Crash failure: a process stops permanently (the most common assumption)
Omission failure: a process fails to send or receive messages
Byzantine failure: a process behaves arbitrarily, possibly maliciously
Network partition: communication between groups of processes is lost

Paxos (and most practical consensus algorithms) assumes crash failures only — Byzantine failures require more heavyweight protocols.

3. The Consensus Problem

Consensus is the process by which we reach agreement over system state between unreliable machines connected by (possibly) asynchronous networks. It is the most fundamental agreement problem in distributed systems.

Why Consensus?

When processes fail, the reliable processes need to agree on:

What has happened till now in the system (current state)
What is going to happen from now on (future evolution)

This ensures that the current system state and its evolution are both consistent across all non-faulty replicas. For example, when a crash makes replica synchronisation impossible, a recovery process requires consensus among the surviving replicas about the state of each replica and the events handled or still to handle.

Formal Requirements

A consensus protocol must satisfy three properties:

Property	Meaning
Agreement	All non-faulty processes decide on the same value
Validity	If all non-faulty processes propose the same value v, then any decided value must be v
Termination	Every non-faulty process eventually decides some value

The examiner will ask

Explain why termination is the property that makes consensus hard or even impossible in asynchronous systems. Hint: it requires detecting that other processes have finished, which needs some form of synchrony assumption.

Non-triviality

Besides the core properties, we also require non-triviality: for both y = 0 and y = 1, there exists some initial configuration and protocol execution that leads to y. This rules out trivial protocols that always decide 0 regardless of input.

Additional dependency requirements can refine the problem:

Strong unanimity: if all initial values x_i are the same, the consensus value y must equal x
Weak unanimity: same as strong, but only required when no runtime failures occur

4. Variants of Consensus

The consensus problem appears in several forms depending on the specific requirements [Fischer, 1983]. Understanding these variants helps identify which solution applies to a given practical setting.

The most basic form: achieving consensus on a single bit. There are n processors, possibly faulty. Each processor i has an initial bit x_i. The problem is for the non-faulty processes to agree on a bit y, called the consensus value. Solvability depends on whether a protocol exists such that all non-faulty processors terminate with the same value y.

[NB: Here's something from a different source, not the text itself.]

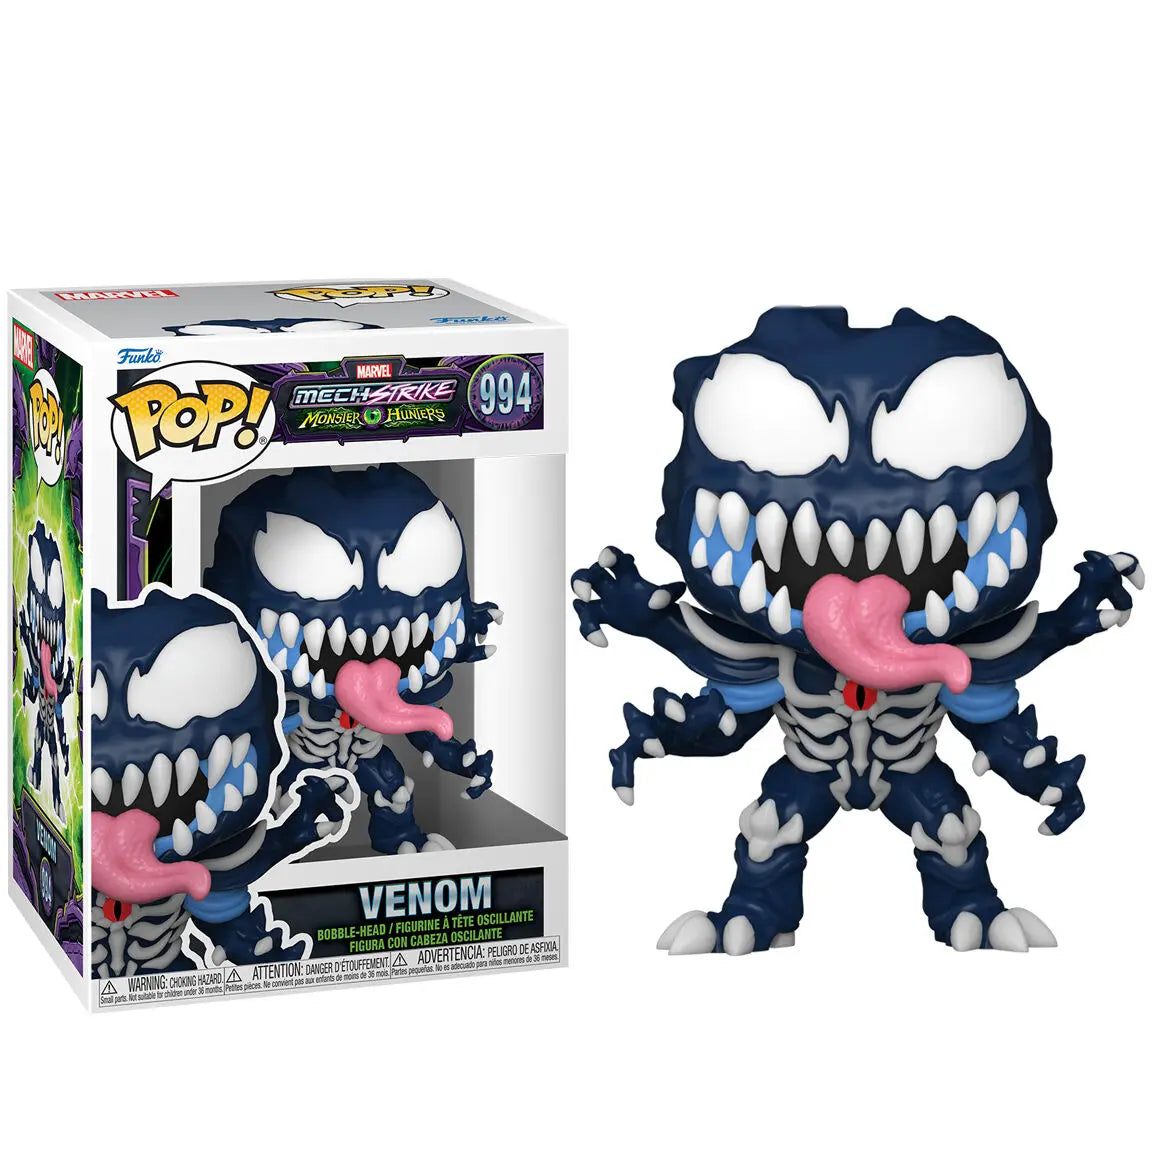 Funko Pop! Marvel Monster Hunters - Venom - BumbleToys - 18+, 5-7 Years, Action Figures, Boys, Funko, Marvel, Pre-Order, Venom
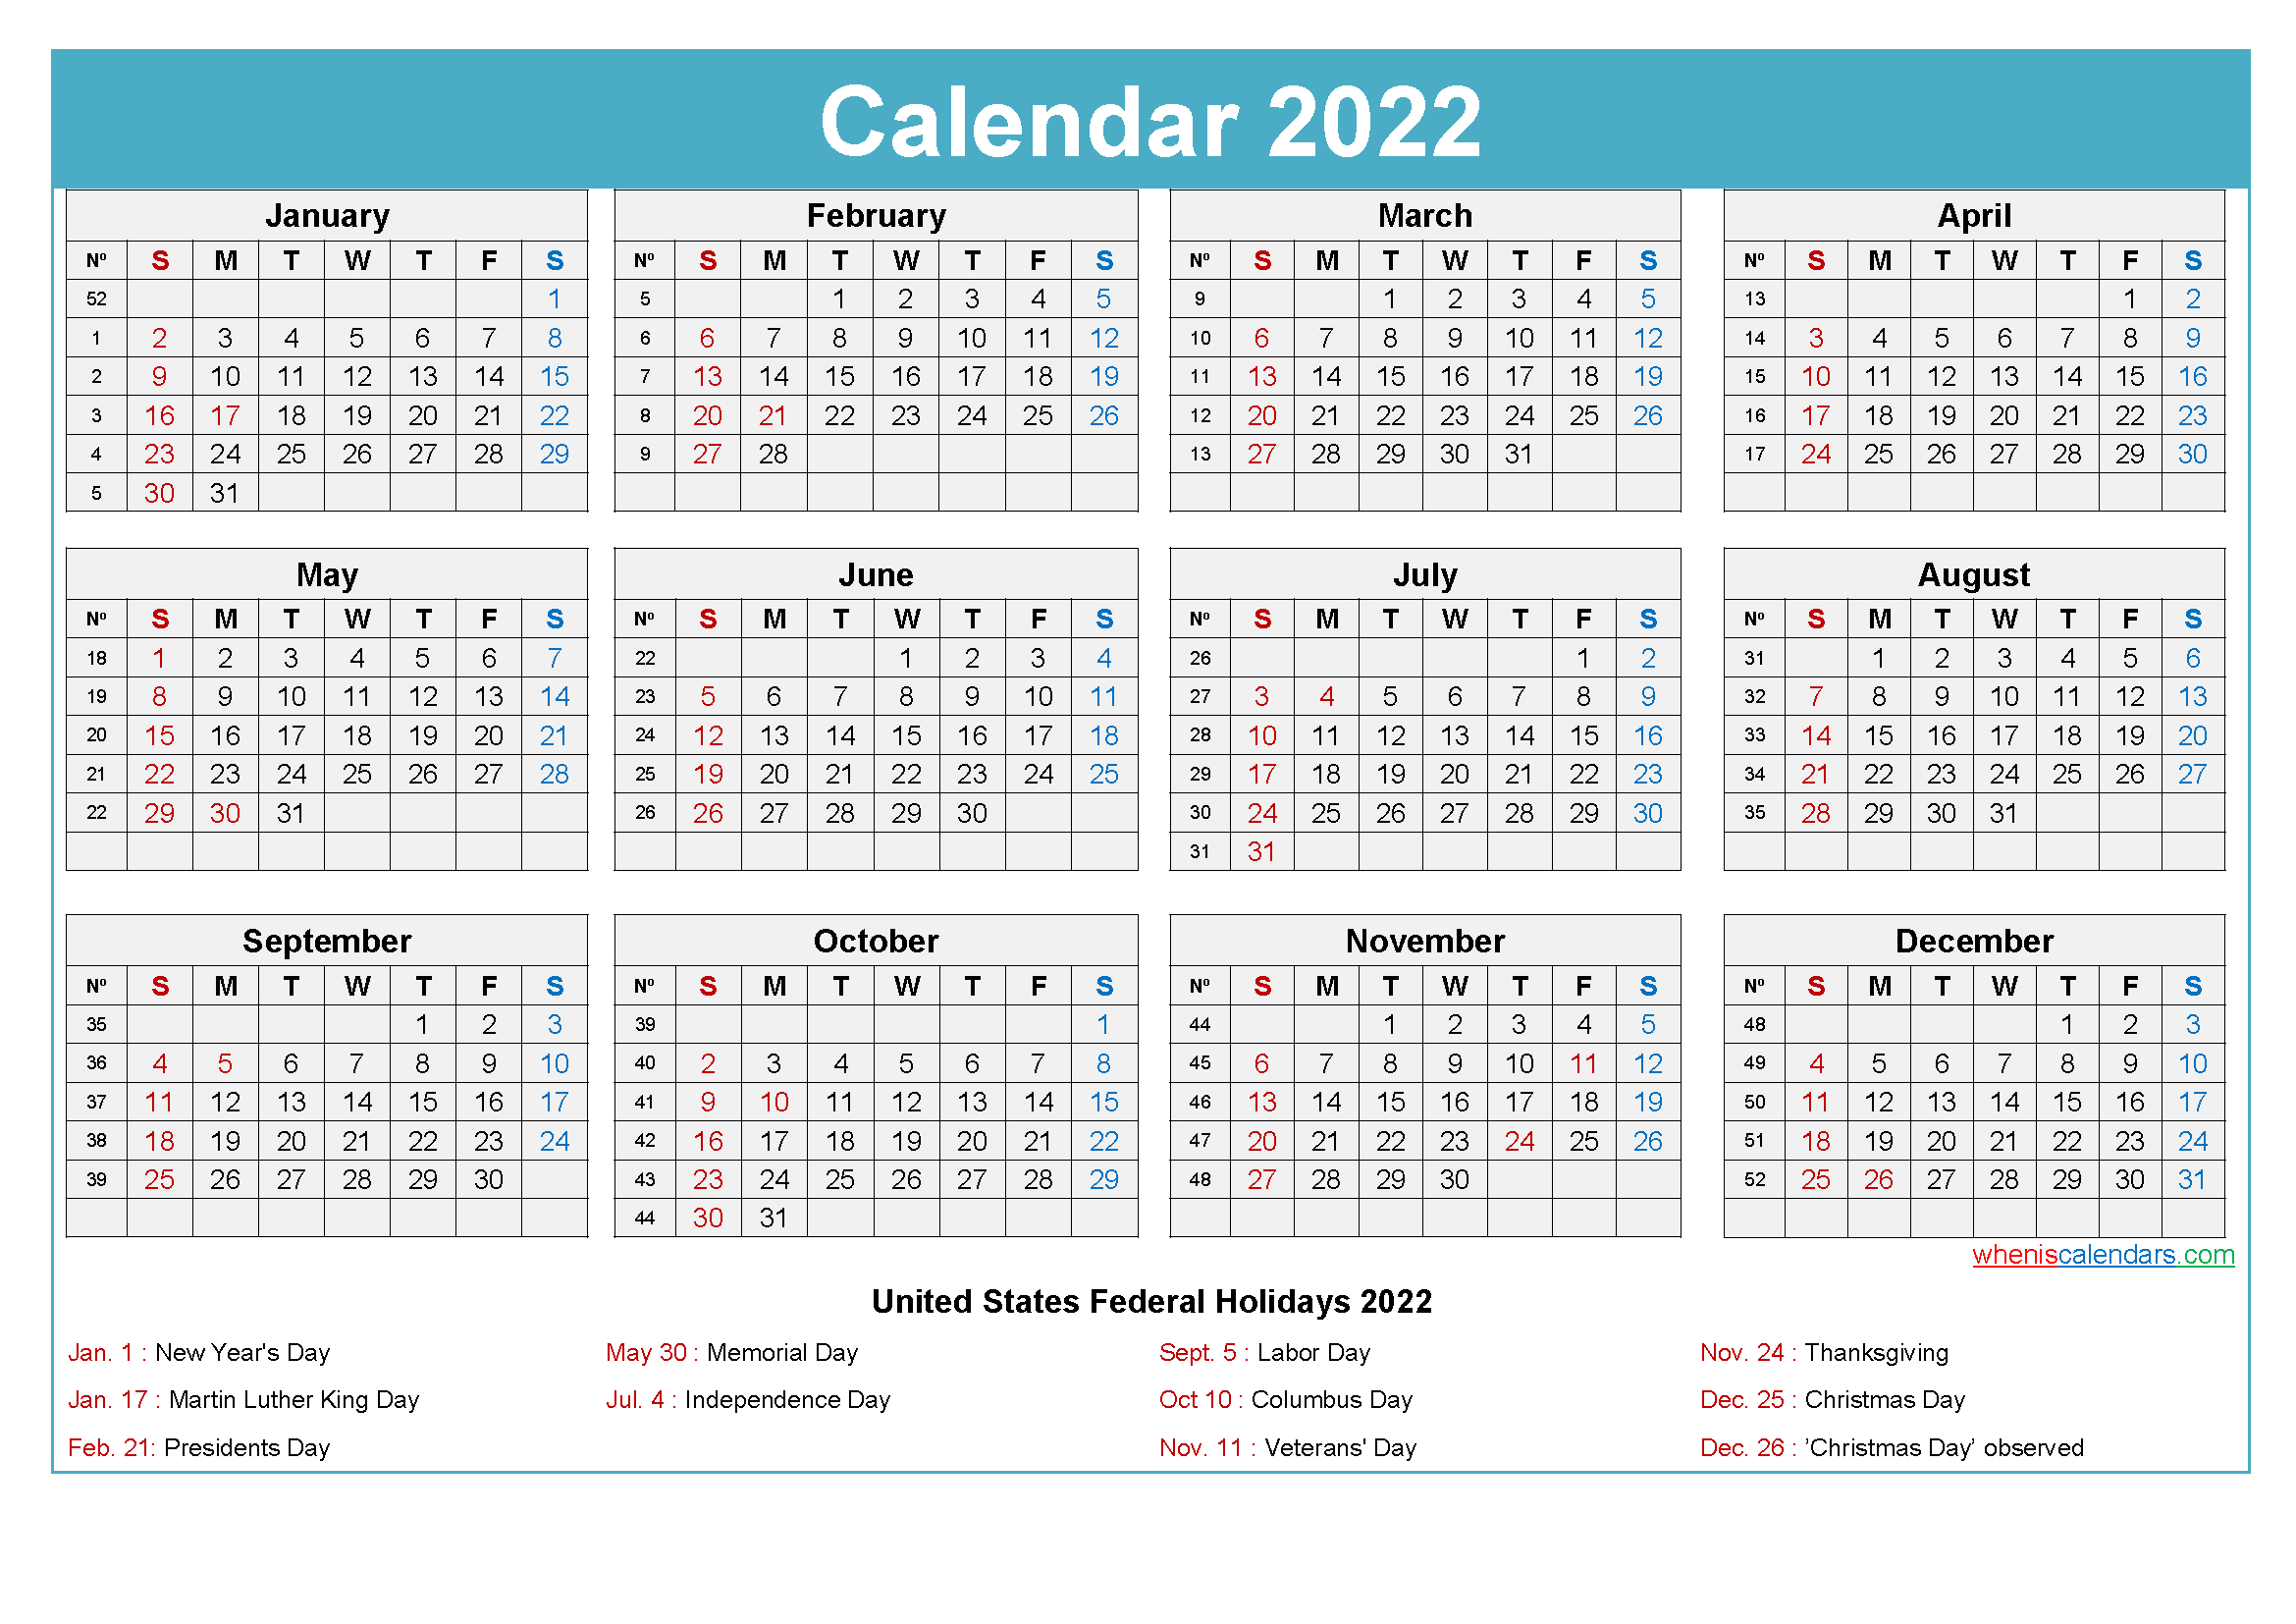 Maxine Desk Calendar 2022 With Holidays Printable  2022 Printable Calendar One Page With Holidays Us

Analogous to single-bit consensus, except the goal is for non-faulty processes to agree on a vector y. The dependency requirements are:

Strong: for each non-faulty i, y_i = x_i
Weak: same, but only if no failures occur during execution

This is consensus about what every processor thinks the initial values are.

Here, one specific processor (the general) tries to send its initial bit x to all others. All reliable processes must reach consensus on bit y with:

Strong: y = x if the general is not faulty
Weak: y = x if no failures occur during execution

This is also known as the reliable broadcast problem, where the general is called the transmitter.

In distributed databases [Dolev and Strong, 1982], all data manager processes that participated in a given transaction must agree on whether to install the transaction's results or to discard them. Discarding may be necessary if some data managers were unable to carry out the required processing. Whatever decision is made, all data managers must make the same decision to preserve database consistency.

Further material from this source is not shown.